Think about your day. How much time do you spend sleeping? How much time do you spend eating, working, or exercising? Maybe you spend some time each day doing a hobby, or learning something new. Odds are, though, that everything you can think of that takes up time in your day, doesn’t add up to 24 hours. You probably have several unaccounted for hours that have seemingly gone missing. Do you want to know where they went?

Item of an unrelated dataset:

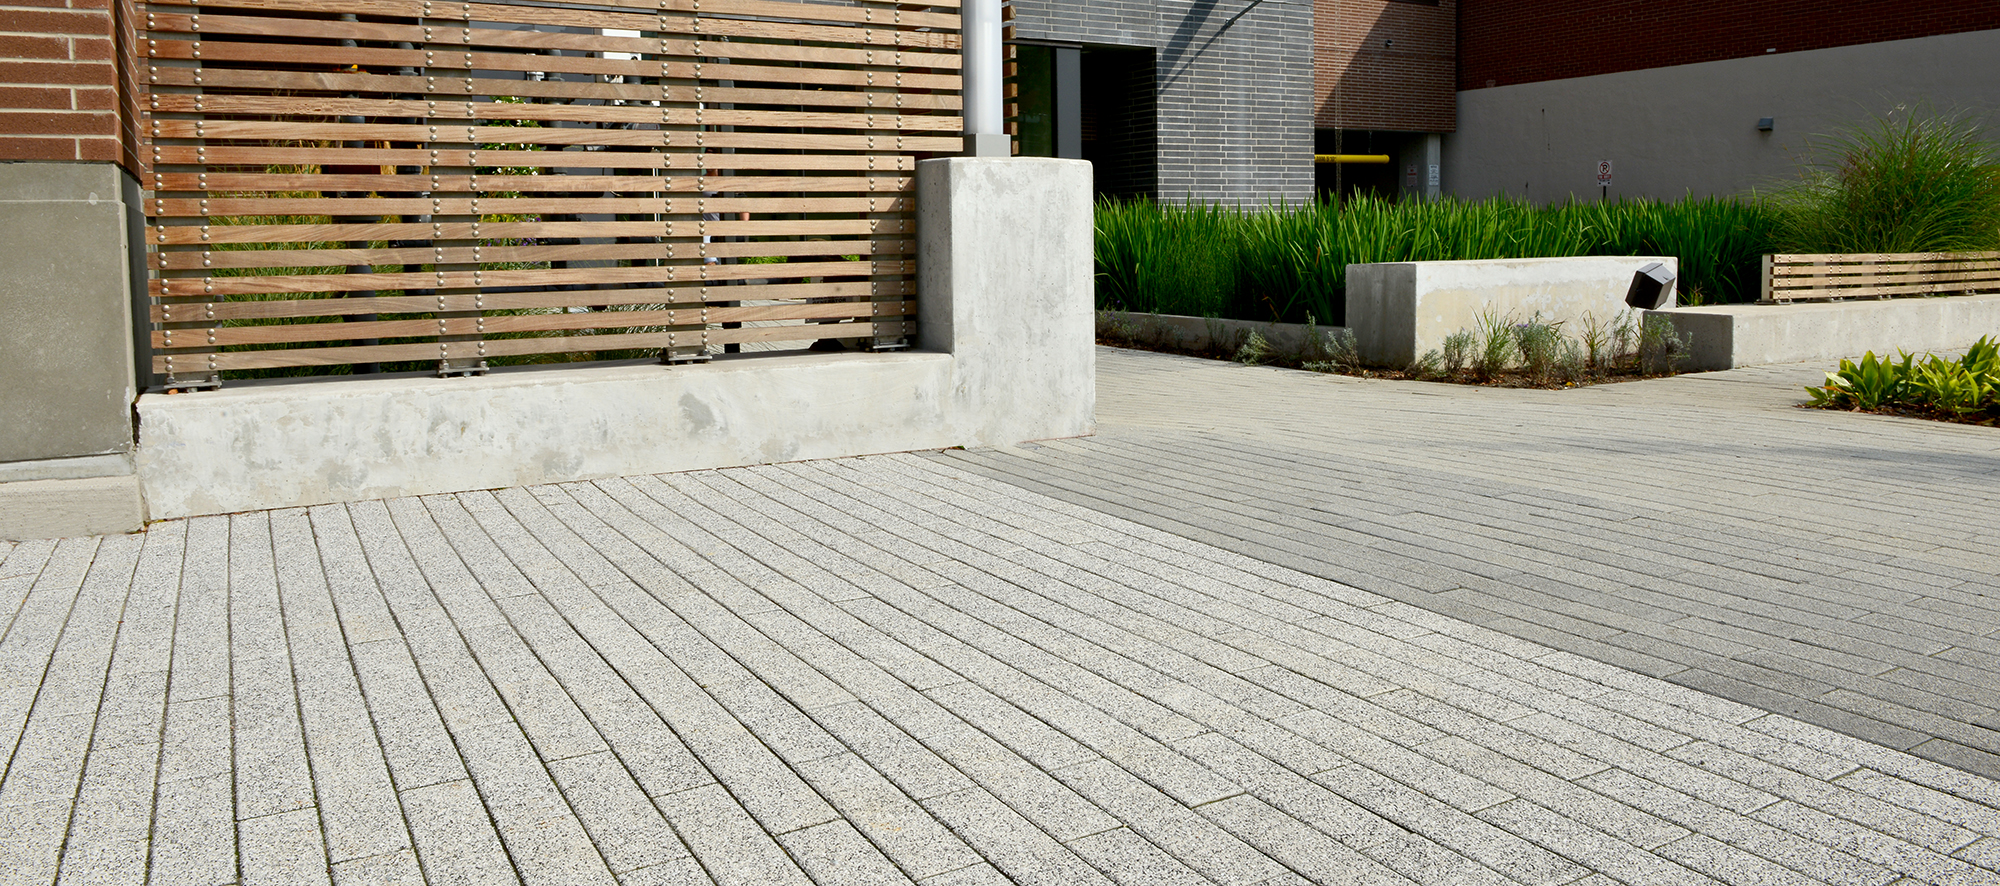 Unilock Promenade Plank pavers in a speckled Umbriano finish create a driveway for 400 Wellington Condominium in Toronto Ontario.

It might be something called screen time. There are many apps that can track how much time you spend on your phone and what apps you spent that time on. It provided a rude awakening for many people when they learned they were averaging 5, 6, or even up to 8 hours on the phone. Every. Single. Day. People were ashamed of themselves for wasting so much of the day on their phone, but humans are so addicted to them that they aren’t able to curb their habits even when they try. These handheld magical devices have allowed us to connect with people from across the globe but have turned out to also make us less likely to connect with someone across the room. Why would we be more interested in our phones that in productivity and genuine human interaction? Because phones are made to be addicting. Your phone is filled with bright colours and movement. Human beings are wired to pay attention to those exact things. Think about it. Poisonous things are generally brightly coloured. It was evolutionarily advantageous for humans to notice bright things so they could keep their distance. Similarly, movement is something we’re extra aware of. Humans had to notice subtle movement in the leaves or across an expanse whether they were hunting, or being hunted. There is even ongoing research about a sixth sense, of sorts, that humans have. We can sense movement with our eyes, even without being able to see. In other words, our ability to sense movement is computed in a different area of our brain that the ability to sense light, what allows us to see the physical world around us.
There was a woman that took part in a study here at Western University that lost 100% of her vision after a head injury. Black was all she saw. You could hold a billboard in front of her face with a simple shape printed on it and she would not be able to tell you what the shape is, or that there is a billboard in front of her face. BUT, she could catch a ball. Isn’t that incredible? Though she can’t see anything, she can sense movement in a way not even she can describe. She can sense someone waving, trees going by on the highway, and a droplet of water dripping down a window. But she can’t even see herself in the mirror. Okay, I’ll bring it back from the tangent.
What I’m getting at is that the designers of our phones know what’s addicting, and put it in our phones so we use them more. More people using their phones more often is a winning equation for phone manufacturers, service providers, software developers, and any brand distributing advertisements via your phone. You are wired to be addicted to your phone; can you break yourself out of it? Do you even want to break yourself out of it? When you realize that the missing hours in your day have all been lost to your phone, maybe you might consider it. Consider all you could get done in those lost hours. Maybe you could sleep and extra couple hours every night, and you’d be far more productive throughout the day. Maybe you could learn something new! If you wanted to pick up guitar, playing guitar for three hours a day instead of scrolling through Instagram for a cumulative three hours a day would having you being very proficient at guitar in just a couple months.
Try mapping out your day. You might be surprised by what you find. Try cutting down your phone usage and see how your life changes, you might be surprised.